Keep the images out while you retype all of the data exactly.
== RAW DATA ==
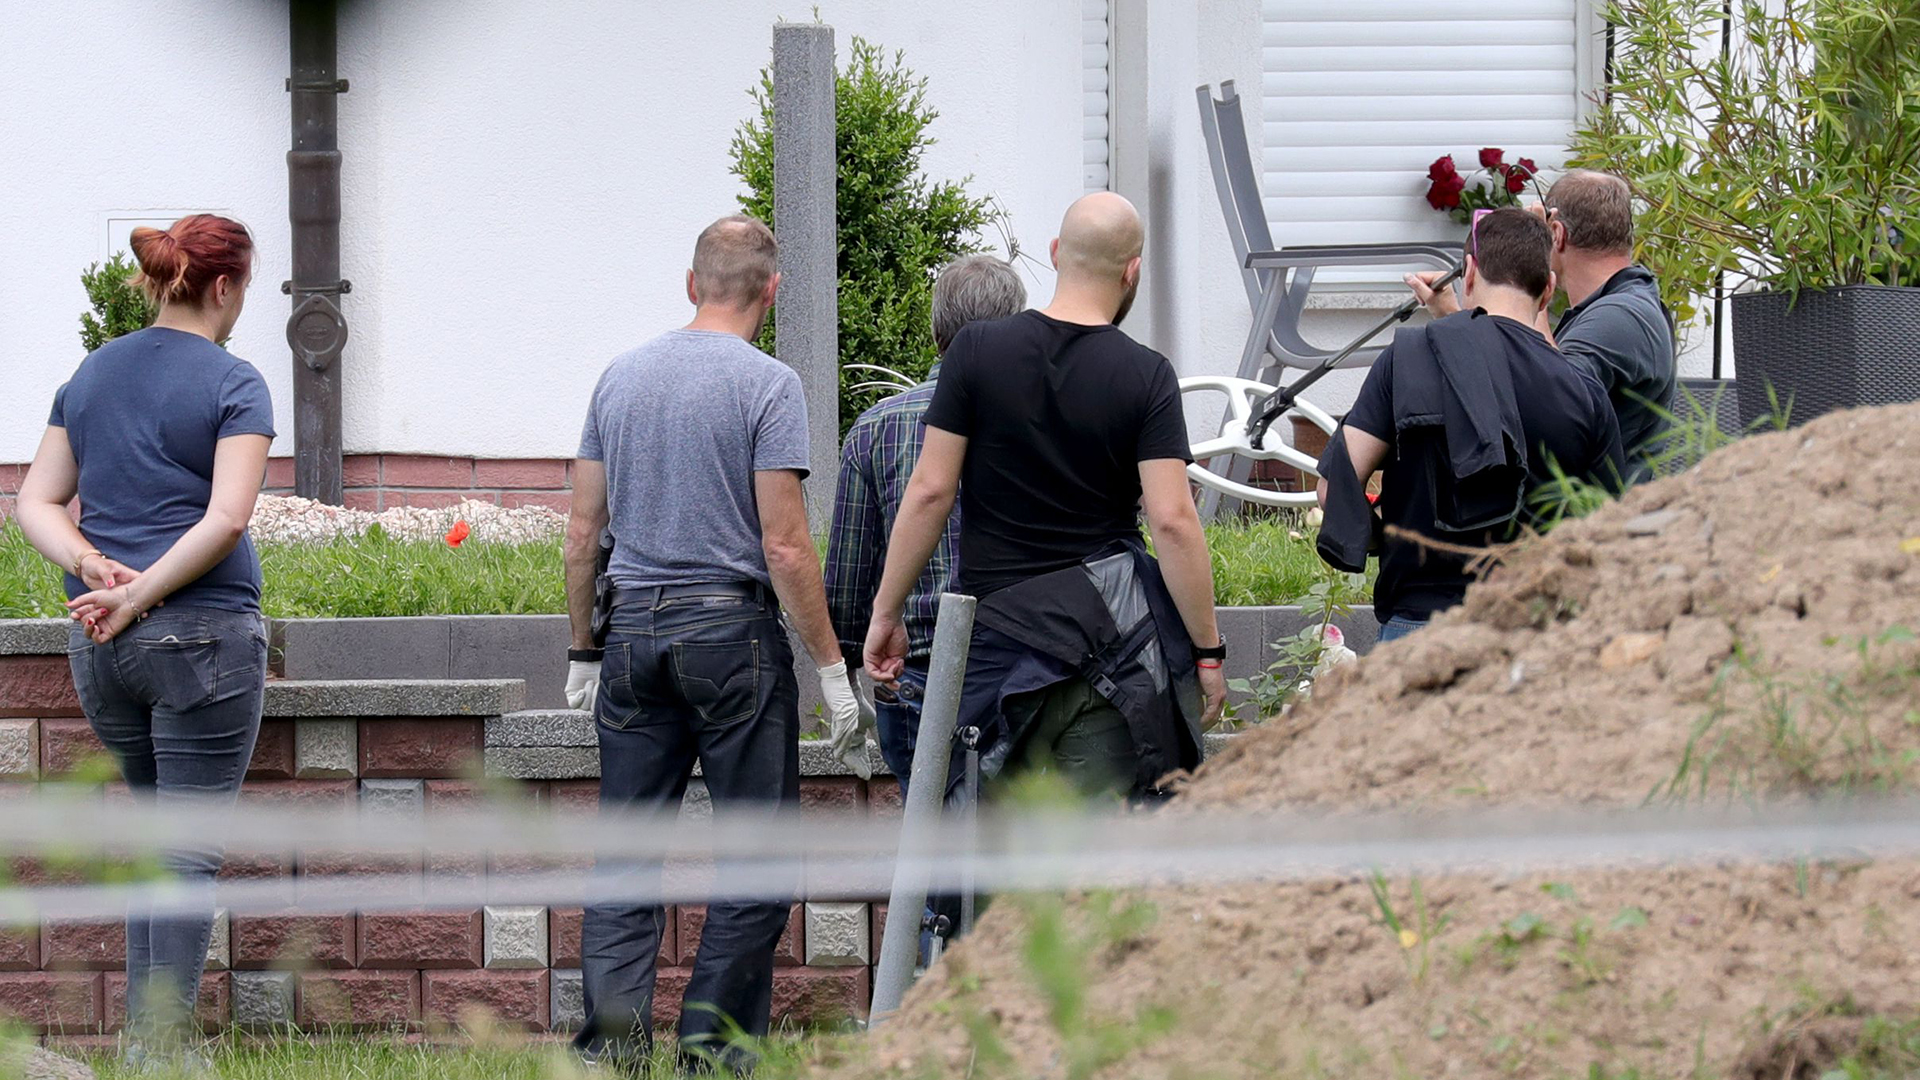 Polizisten untersuchen den Tatort in Wolfhagen-Istha| Bildquelle: ARMANDO BABANI/EPA-EFE/REX
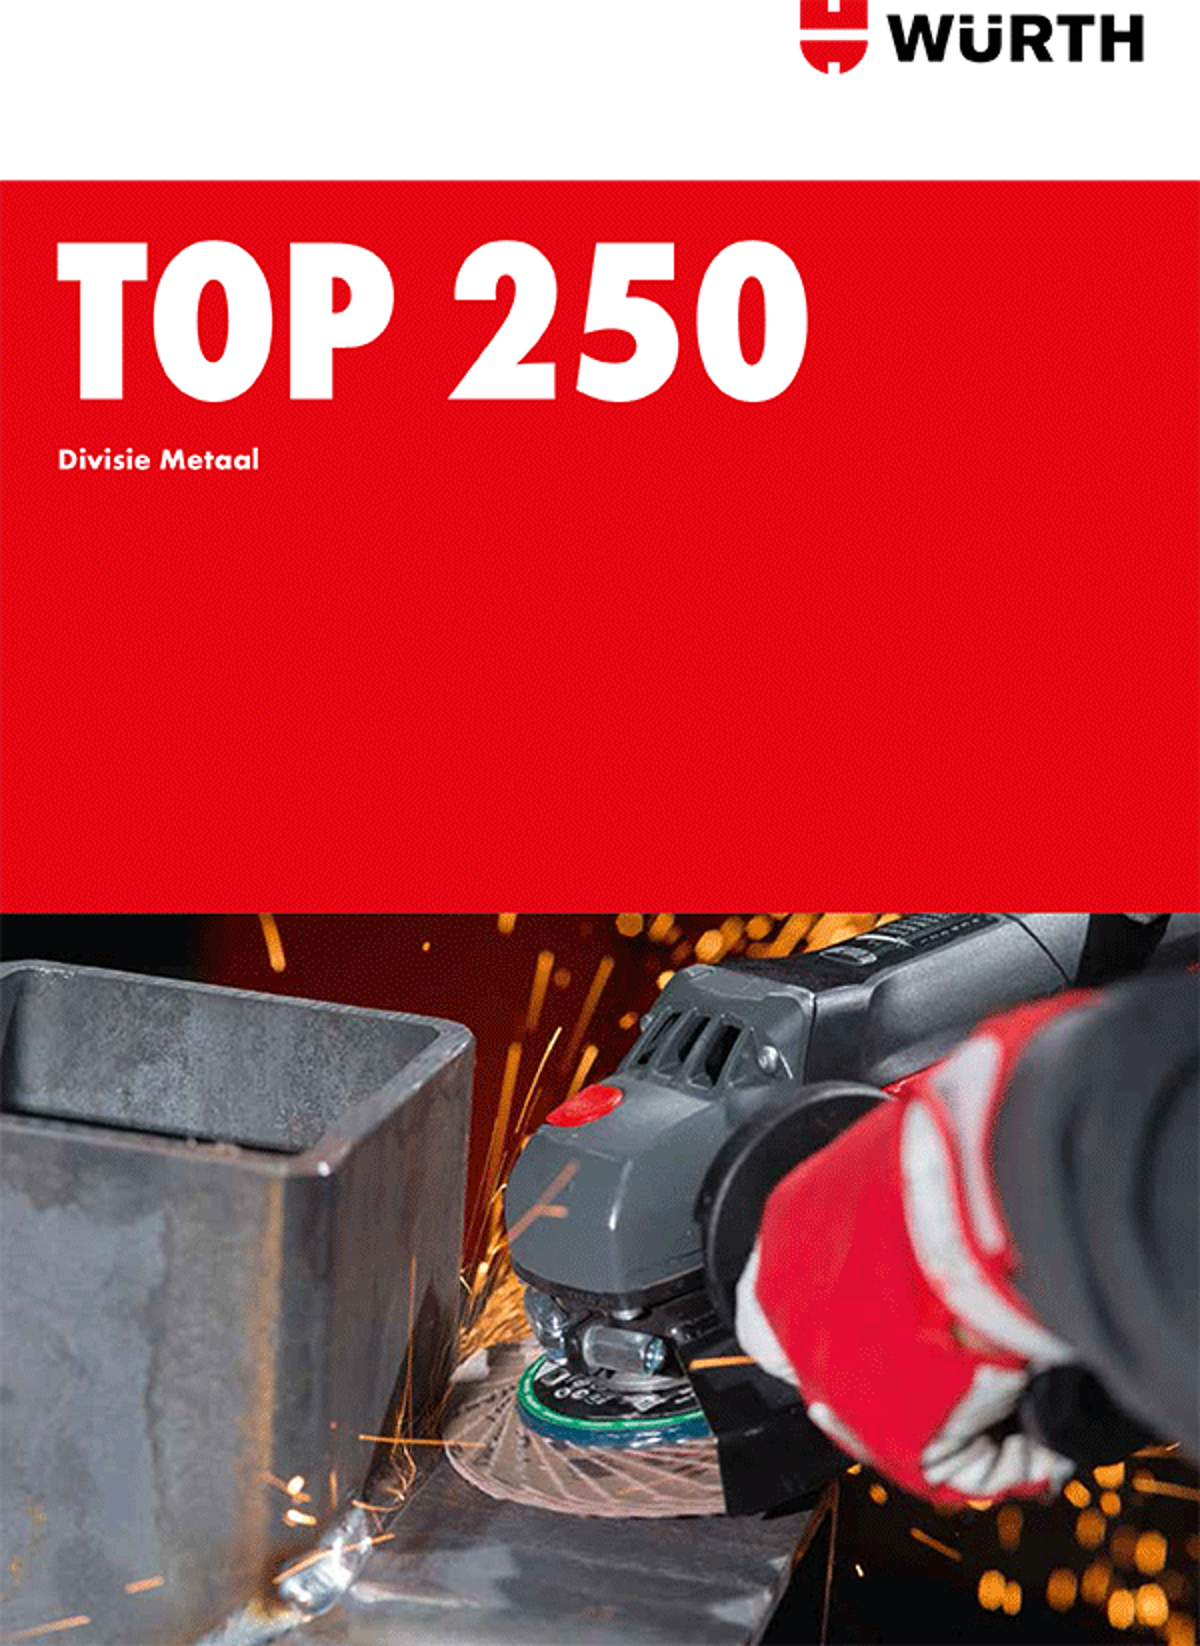 Top 250 Metaal
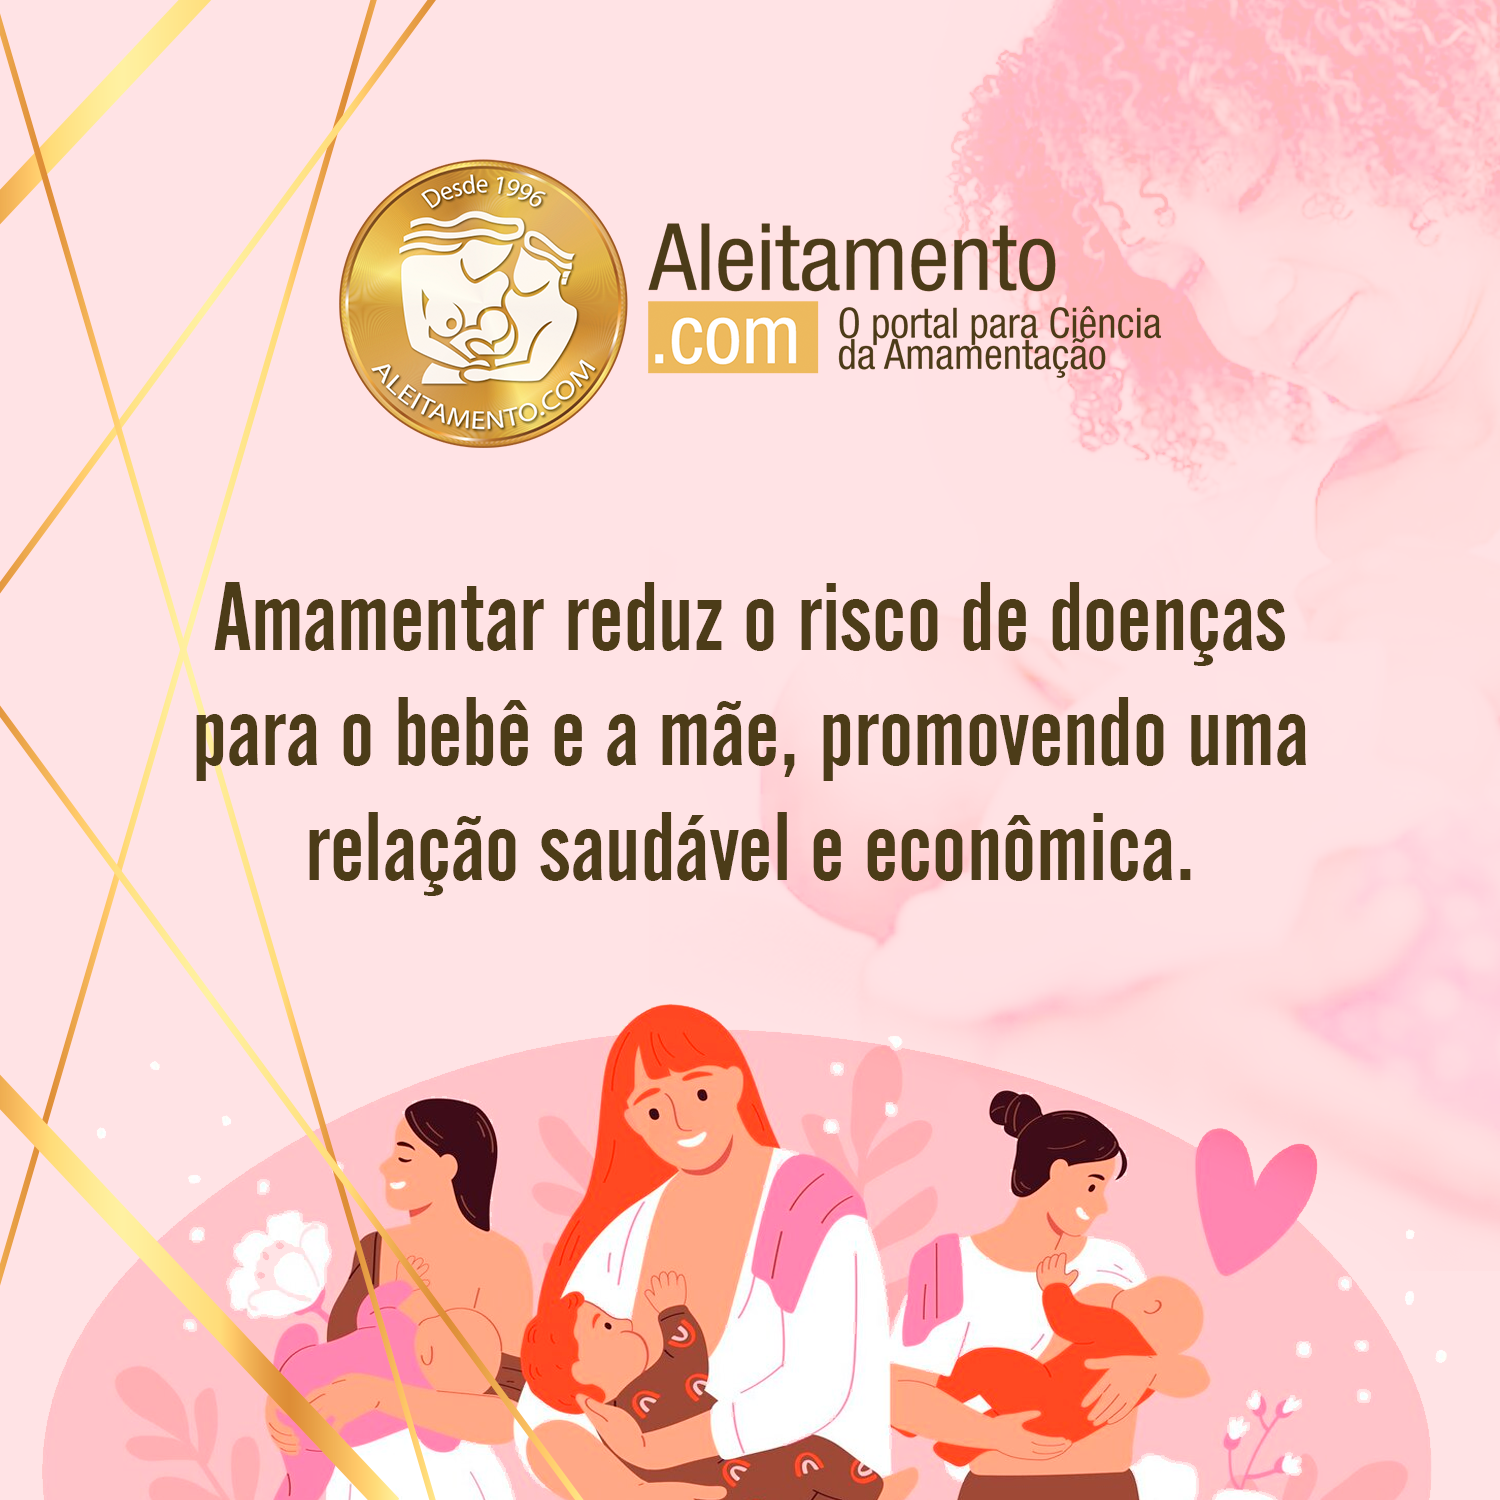 (c) Aleitamento.com.br
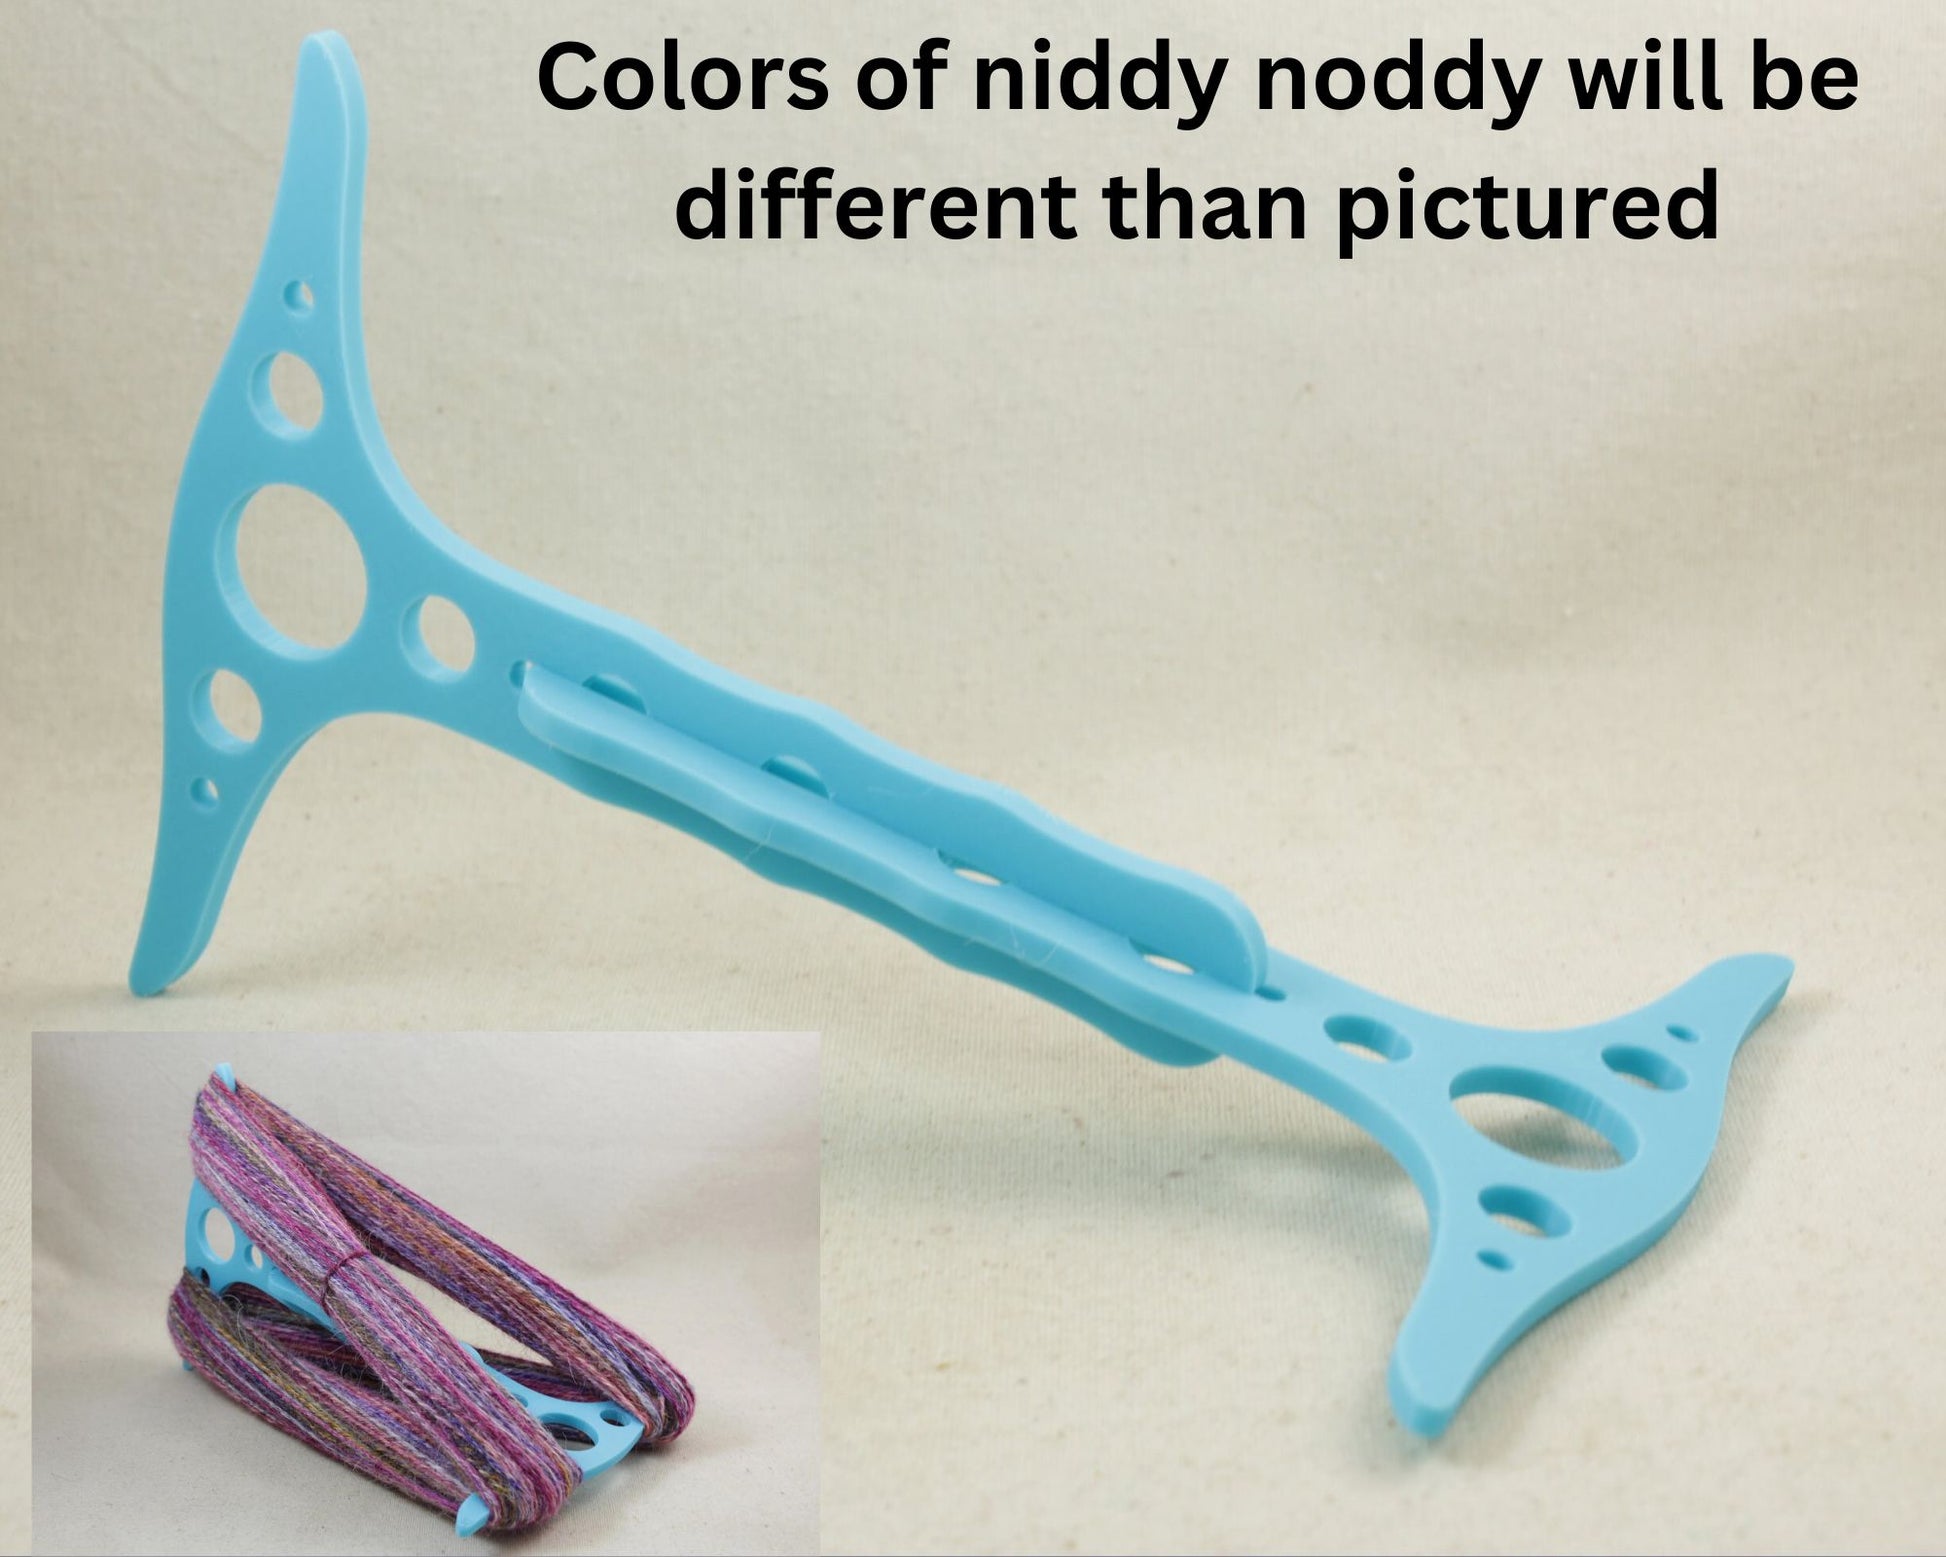 Niddy noddy
===
→ **REPLY**:
 Polizisten untersuchen den Tatort in Wolfhagen-Istha| Bildquelle: ARMANDO BABANI/EPA-EFE/REX
 Top 250 Metaal
 (c) Aleitamento.com.br
 Niddy noddy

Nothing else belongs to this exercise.